README.md

docaids

R code is often first generated in a haphazard and exploratory way, particularly in a research environment. This package helps to automatically discover and/or document the structure of local variables in functions. This makes it easier to both understand old existing code or code you've been given, and document it in roxygen. It currently provides 4 main services, though all 4 of them are interrelated.

There must be much more sophisticated ways to do what I've done, but this does seem to work...

Installation

You can install docaids from github with:

# install.packages ("devtools")  
devtools::install_github ("langfob/docaids")

Example

Suppose that you are given some old, uncommented code with two cryptic functions, inner_func() and outer_func():

library (docaids)

inner_func <- function (a=3)
    {
    b = a + 1
    ret_vals <- list (a=a, b=b)

    return (ret_vals)
    }

outer_func <- function (num_times=2)
    {
    n = 1
    x = list (k="blah", j=123, m=list(e=c(10,20,30),f=77))

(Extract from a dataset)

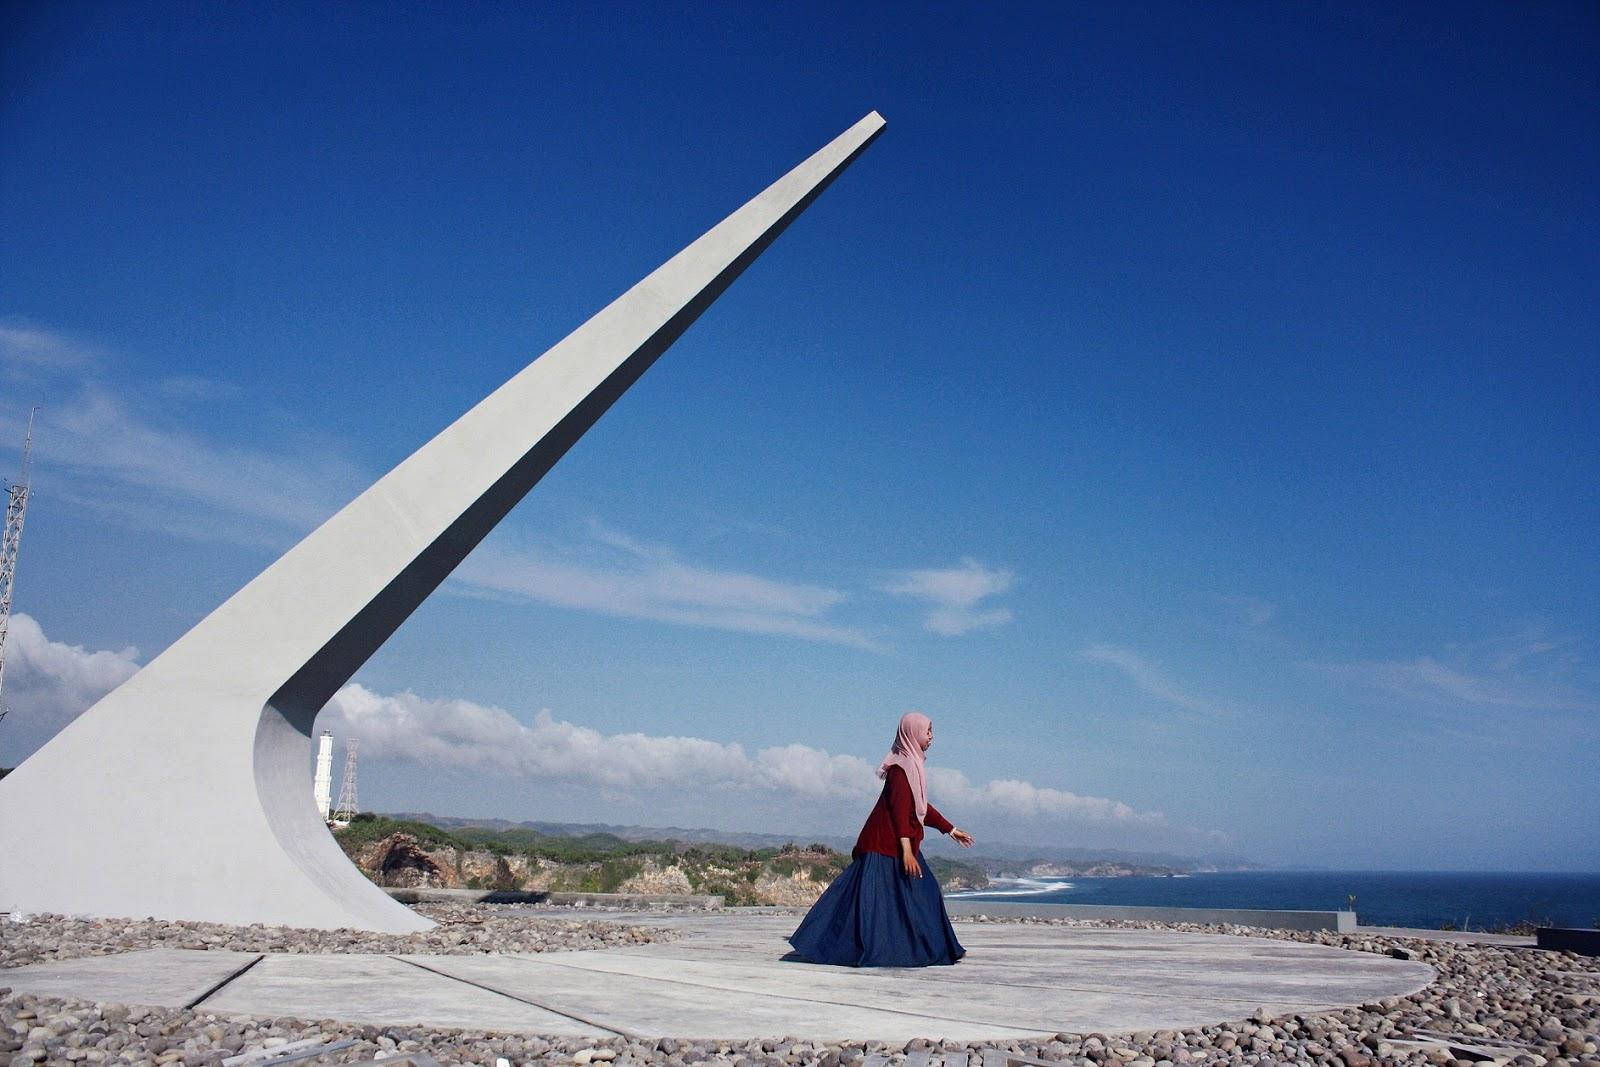 Dwi Susanti Langit Biru Baron Technopark Begitulah Langitnya Sungguh Cerah

    for (iii in 1:num_times)
        {
        rv = inner_func (n)
        n               = rv$b
        cat ("\nn = ", n)
        }

    cat ("\n")
    }

If you just want to know the structures of all the variables, then you can add a call to doc_vars_in_this_func at the end of each function. It doesn't actually matter where you put the call in the function, but putting it at the end means that any variable that might be created along the way will have been created and loaded by that last line so nothing will be missed.

library (docaids)

inner_func <- function (a=3)
    {
    b = a + 1
    ret_vals <- list (a=a, b=b)

    doc_vars_in_this_func()
    return (ret_vals)
    }

outer_func <- function (num_times=2)
    {
    n = 1
    x = list (k="blah", j=123, m=list(e=c(10,20,30),f=77))

    for (iii in 1:num_times)
        {
        rv = inner_func (n)
        n               = rv$b
        cat ("\nn = ", n)
        }

    cat ("\n")
    doc_vars_in_this_func()
    }

outer_func()
#> 
#> 
#> >>>>>>>>>>>>>>>>>>>>>>>>  START doc_vars_in_this_func  >>>>>>>>>>>>>>>>>>>>>>>>
#> inner_func(n)
#> a :  num 1
#> b :  num 2
#> ret_vals : List of 2
#>  $ a: num 1
#>  $ b: num 2
#> <<<<<<<<<<<<<<<<<<<<<<<<  END doc_vars_in_this_func  <<<<<<<<<<<<<<<<<<<<<<<<<<
#> 
#> n =  2
#> 
#> >>>>>>>>>>>>>>>>>>>>>>>>  START doc_vars_in_this_func  >>>>>>>>>>>>>>>>>>>>>>>>
#> inner_func(n)
#> a :  num 2
#> b :  num 3
#> ret_vals : List of 2
#>  $ a: num 2
#>  $ b: num 3
#> <<<<<<<<<<<<<<<<<<<<<<<<  END doc_vars_in_this_func  <<<<<<<<<<<<<<<<<<<<<<<<<<
#> 
#> n =  3
#> 
#> 
#> >>>>>>>>>>>>>>>>>>>>>>>>  START doc_vars_in_this_func  >>>>>>>>>>>>>>>>>>>>>>>>
#> outer_func()
#> iii :  int 2
#> n :  num 3
#> num_times :  num 2
#> rv : List of 2
#>  $ a: num 2
#>  $ b: num 3
#> x : List of 3
#>  $ k: chr "blah"
#>  $ j: num 123
#>  $ m:List of 2
#> <<<<<<<<<<<<<<<<<<<<<<<<  END doc_vars_in_this_func  <<<<<<<<<<<<<<<<<<<<<<<<<<

In the output, you can see that the str() calls for variables in inner_func() are repeated since outer_func() calls it multiple times. This is not a big problem for something that's only called a couple of times, but if a function is called many times, it can clutter the output with many repeats of identical information. Consequently, there is a second form of the call that makes sure to only write the output for a given function a specific number of times (with the default being to write it just once). That function is doc_vars_in_this_func_once(). Modifying the code again to use that function instead of doc_vars_in_this_func(), we get the following:

library (docaids)

inner_func <- function (a=3)
    {
    b = a + 1
    ret_vals <- list (a=a, b=b)

    doc_vars_in_this_func_once()
    return (ret_vals)
    }

outer_func <- function (num_times=2)
    {
    n = 1
    x = list (k="blah", j=123, m=list(e=c(10,20,30),f=77))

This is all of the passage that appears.